Ron Anderson

No. 5 – Poitiers Basket 86
- Position: Forward
- League: Pro B

Personal information
- Born: September 12, 1989 (age 35) Upper Marlboro, Maryland
- Nationality: American
- Listed height: 6 ft 8 in (2.03 m)
- Listed weight: 260 lb (118 kg)

Career information
- High school: McCallie School (Chattanooga, Tennessee)
- College: Kansas State (2007–2009); South Florida (2010–2012);
- NBA draft: 2012: undrafted
- Playing career: 2012–present

Career history
- 2012–2013: Tulsa 66ers
- 2013: Estudiantes Concordia
- 2013–2014: Tulsa 66ers / Oklahoma City Blue
- 2014–2015: Westchester Knicks
- 2015: Texas Legends
- 2015–2016: ABBR Opale Sud
- 2018–present: Poitiers 86
- Stats at Basketball Reference

= Ron Anderson (basketball, born 1989) =

American basketball player

Ron Anderson Jr. (born September 12, 1989) is an American professional basketball player who formerly played for ABBR Opale Sud of the Championnat de France de basketball de Nationale masculine 1 (NM1), the third tier of French basketball. He is the son of former NBA player Ron Anderson.

== High school career ==
Anderson attended McCallie School in Chattanooga, Tennessee. As a senior, he averaged 15.1 points, 11.6 rebounds and 2.8 blocks per game while helping the Blue Tornadoes to a school-record 24–5 overall mark and an appearance in the semifinals of the Division II State Tournament.

== College career ==

===South Florida===
In 2009, Anderson transferred to South Florida and subsequently sat out the 2009–10 season due to NCAA transfer rules.

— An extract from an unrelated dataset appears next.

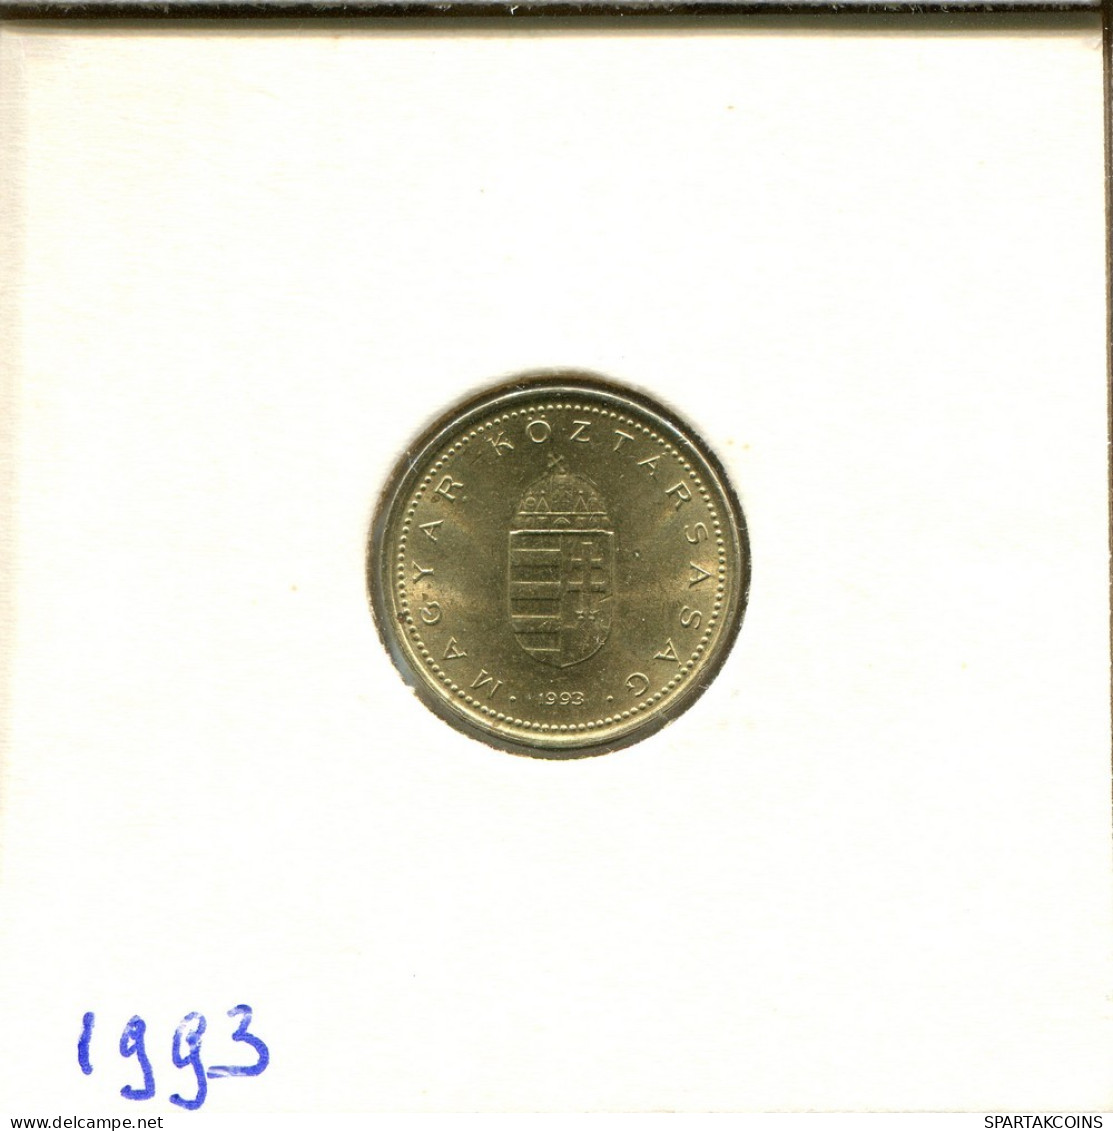 1 FORINT 1993 HUNGARY Coin #AS884.U.A - Hungría

In his redshirted junior season, his 6.4 rebounds and 2.4 offensive rebounds was 14th and 10th in the BIG EAST respectively. He was also fifth on the team in scoring at 7.0 points per game.

In his senior season, he played 36 games, averaging 6.9 points, 5.5 rebounds and 1.1 assists per game.

==Professional career==
Anderson went undrafted in the 2012 NBA draft. On November 2, 2012, he was selected in the fourth round of the 2012 NBA D-League draft by the Tulsa 66ers.

In July 2013, he joined the Oklahoma City Thunder for the 2013 NBA Summer League. In October 2013, he joined Estudiantes Concordia of Argentina for the 2013–14 season. In December 2013, he left Estudiantes after 16 games. On December 19, 2013, he was re-acquired by the Tulsa 66ers.

In July 2014, he re-joined the Oklahoma City Thunder for the 2014 NBA Summer League. On November 4, 2014, he was acquired by the Oklahoma City Blue. On December 26, 2014, he was traded to the Westchester Knicks in exchange for a 2015 third-round pick. On February 17, 2015, he was released by the Knicks. On March 22 he was acquired by the Texas Legends.

On July 31, 2015, Anderson signed with ABBR Opale Sud.

===The Basketball Tournament===
In 2017, Anderson played for the Tampa Bulls of The Basketball Tournament. Anderson's team made it to the Sweet 16 before they were defeated by eventual tournament champ, Overseas Elite. Anderson averaged 6.7 PPG and 5.3 RPG for the tournament.